Vindo de Sorocaba (SP) para estudar Medicina na Universidade Estadual de Londrina (UEL), Élcio Oliveira Filho, num determinado momento, teve uma espécie de 'indagação interior'. ''Já estava estudando há um ano e percebi que precisava de mais alguma coisa; só 'aquilo' não era suficiente'', admite. Ele, que nunca havia tido nenhum contato com música, escolheu o violino para sua empreitada. ''Quando vi que os estudos começaram a render, cada vez mais eu me aplicava.'' E assim o aplicado e curioso aluno transformava o passatempo em coisa séria.
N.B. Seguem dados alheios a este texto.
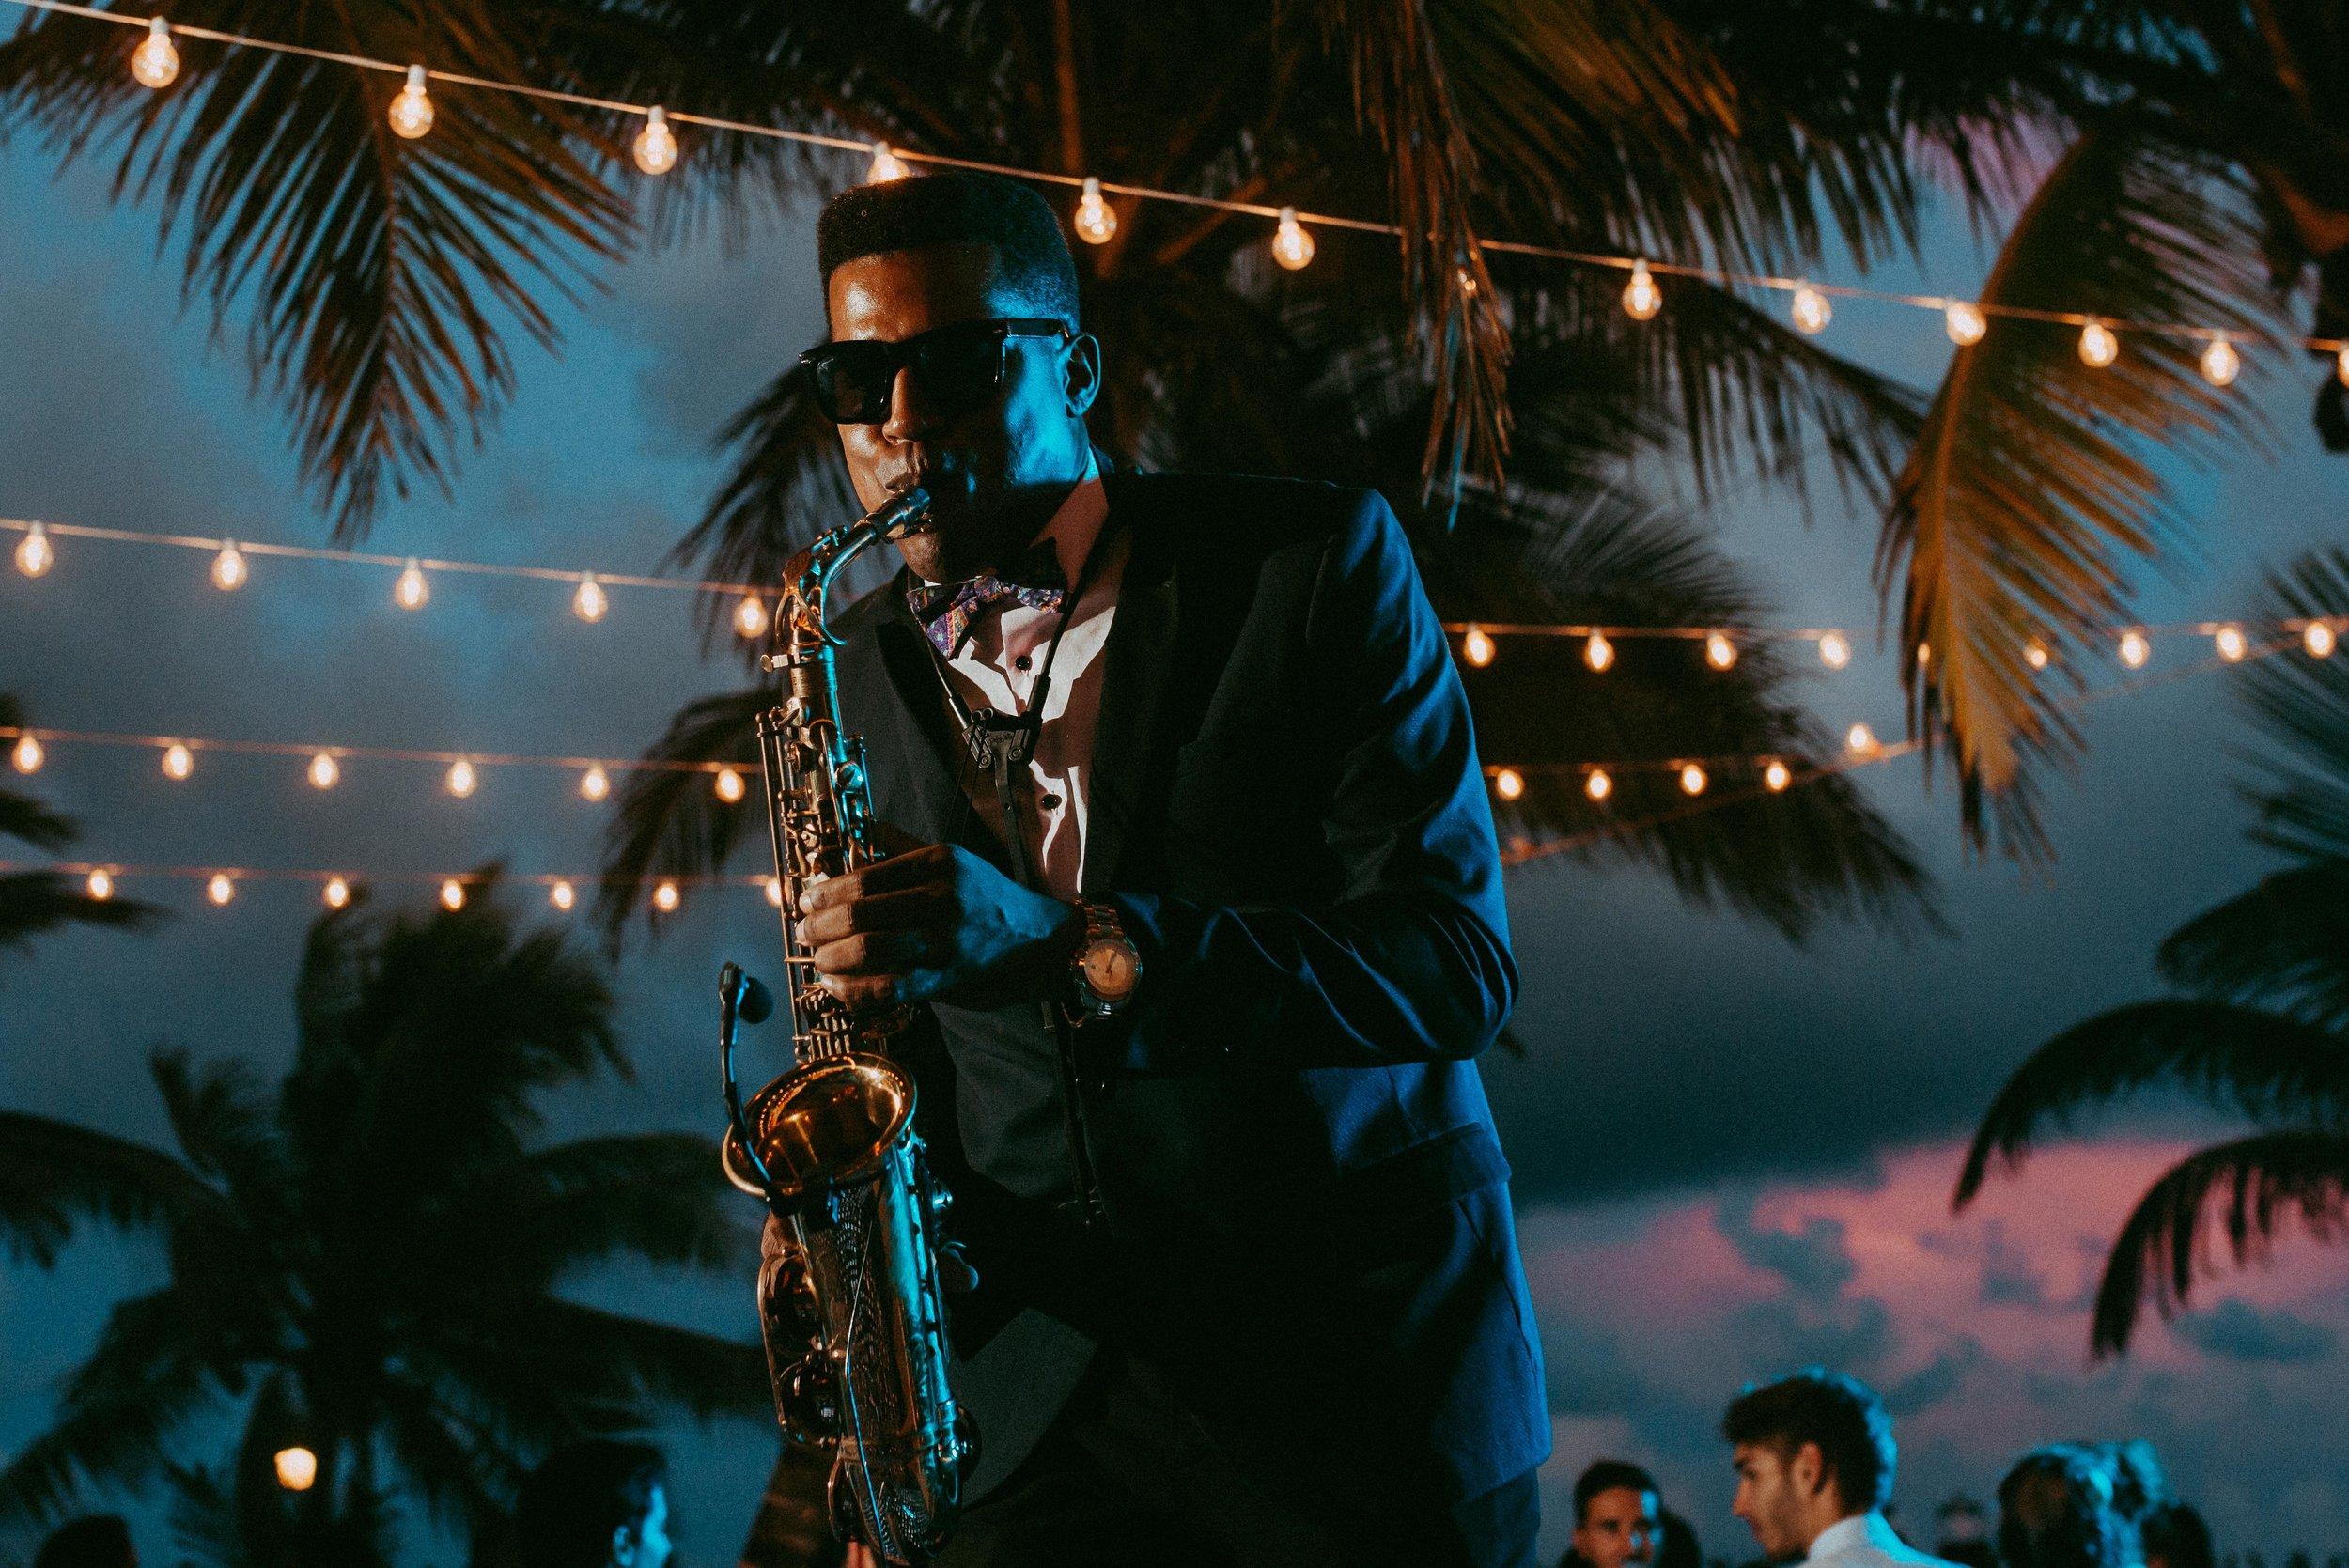 wedding playa del carmen mexico2-15.jpg

Ainda dividindo o tempo com o a faculdade de Medicina, se engajava em bandas da cidade e fazia shows pelo circuito universitário. ''Comecei a receber dinheiro pelas apresentações e já mantinha pelo menos meus gastos pessoais'', conta. Foram viagens, experiências durante alguns anos até que, terminada a faculdade, em 2002, se viu diante da grande decisão: qual rumo tomar? ''Decidi dar uma chance para a música e não fazer residência; continei atuando nas duas áreas.''
Para isso, Oliveira trabalhava em Postos de Saúde em outras cidades do Paraná e voltava nos fins de semana para tocar. ''A música sempre foi algo tão sério quanto a medicina. Dificilmente conseguiria escolher entre as duas áreas, para mim elas se completam; aprendi a lidar com o dualismo da situação. Digo que sou médico das 8 às 18 horas e depois desse horário, sou músico'', brinca. Atualmente, ele faz shows com seu grupo musical, a Banda Celta e trabalha em Londrina, no Posto de Saúde do Jardim Bandeirantes (Zona Oeste). (M.T.)